[feature] Retry sending of failed outgoing activities

superseriousbusiness / gotosocial

Fast, fun, small ActivityPub server.

https://docs.gotosocial.org

GNU Affero General Public License v3.0

3.83k stars 334 forks source link

[feature] Retry sending of failed outgoing activities #428

Open tsmethurst opened 2 years ago

tsmethurst commented 2 years ago

We still don't have any mechanism for retrying outgoing federation messages when they fail to be delivered.

This should be fixed, so that if a remote instance goes down, then when it comes up again it can still receive messages from GoToSocial that were sent while it was down.

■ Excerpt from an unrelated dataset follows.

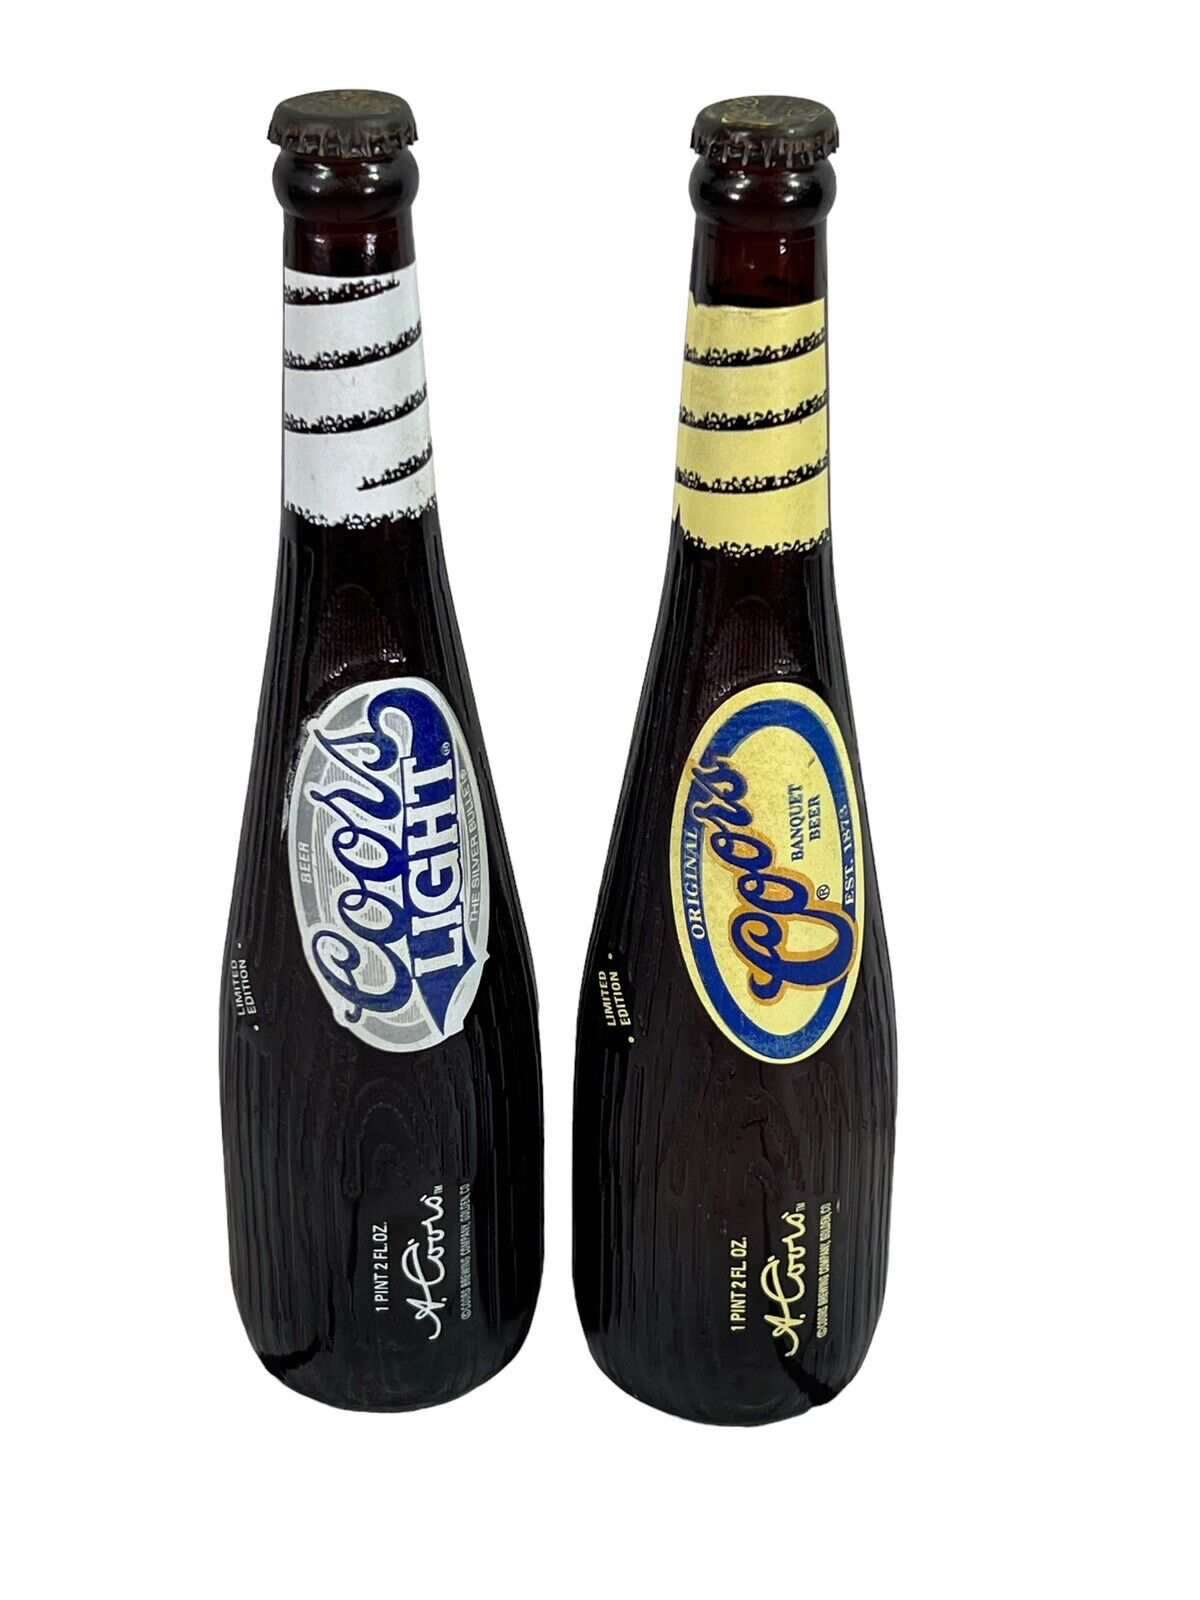 Coors & Coors Light 1996 Limited Edition Baseball Bat Bottles empty man cave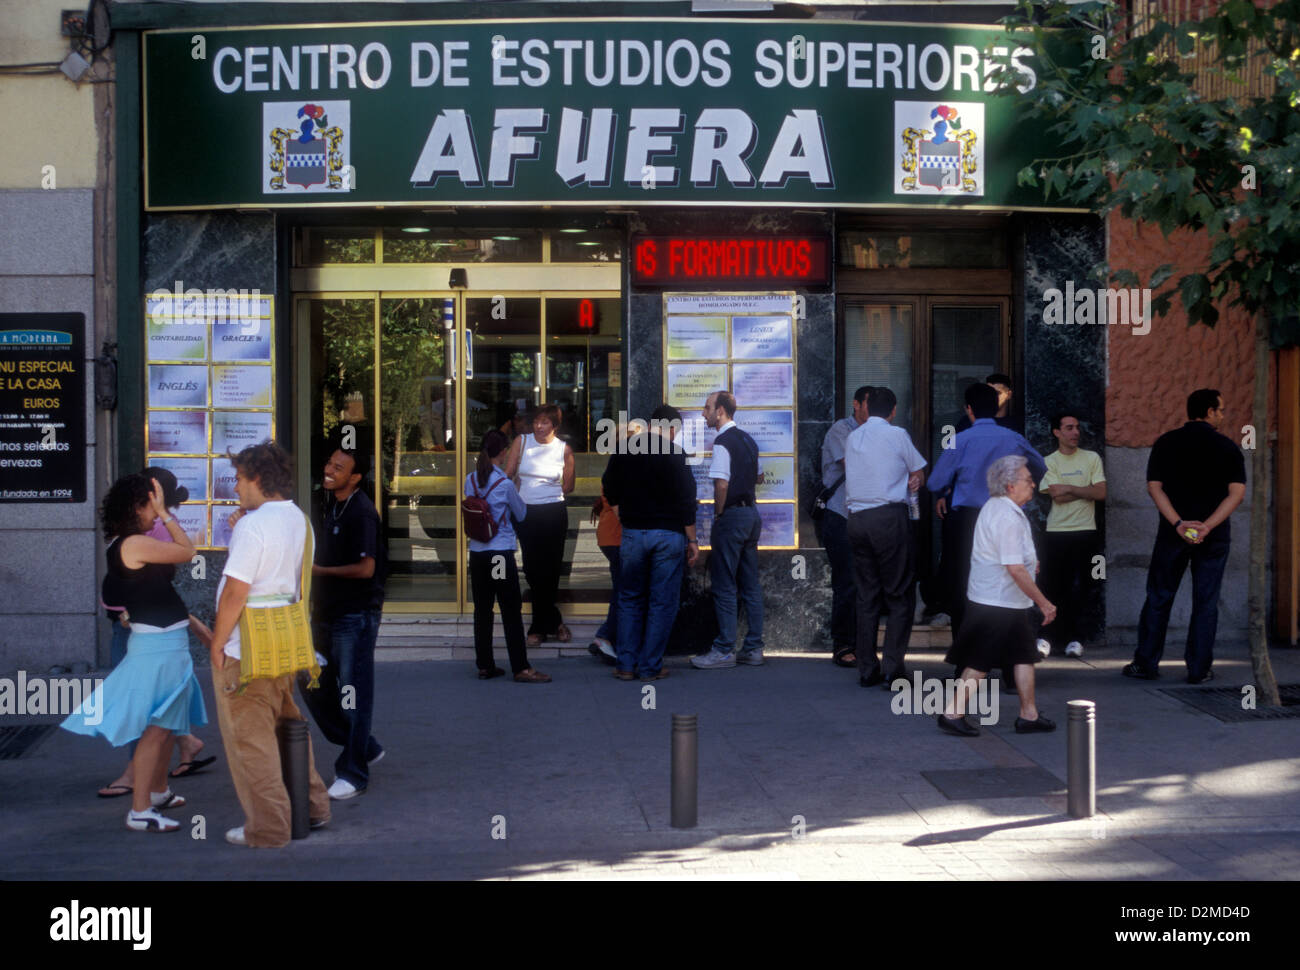 Spaniards, Spanish people, Centro de Estudios Superiores, AFUERA, Plaza de Santa Ana, Madrid, Madrid Province, Spain, Europe Stock Photo

To implement this, we need:

To track when and why delivery of a message fails and schedule a redelivery attempt if appropriate.
To implement a backoff mechanism so that retries of the same message are spaced out.

And we should:

Allow instance admins to see how many undelivered messages they have pending, or which instances delivery has properly 'failed' for (ie., run out of retry attempts).

NyaaaWhatsUpDoc commented 2 years ago

I think even after #564 is merged, we should still keep this open as there is still the question of longer backoffs and an actual queuing system for failed deliveries in the future. It would require a bit of a rework of how we batch deliveries and deal with expected errors, but it would make the final item here of an "undelivered messages status page" type thing much easier also.

tsmethurst commented 2 years ago

Agreed! I think we can take it off the current milestone since we have a stopgap implementation, and then we can have a longer discussion in a future release milestone about how to do this. Does that sound OK?

NyaaaWhatsUpDoc commented 2 years ago

Sounds great to me :)

igalic commented 2 years ago

retries should be exponentially back-off. retries need to be grouped / mapped by the target server, or even its IPv4/6.

i know it's not our job to monitor / healthcheck our peers, but it is our job to not DoS them.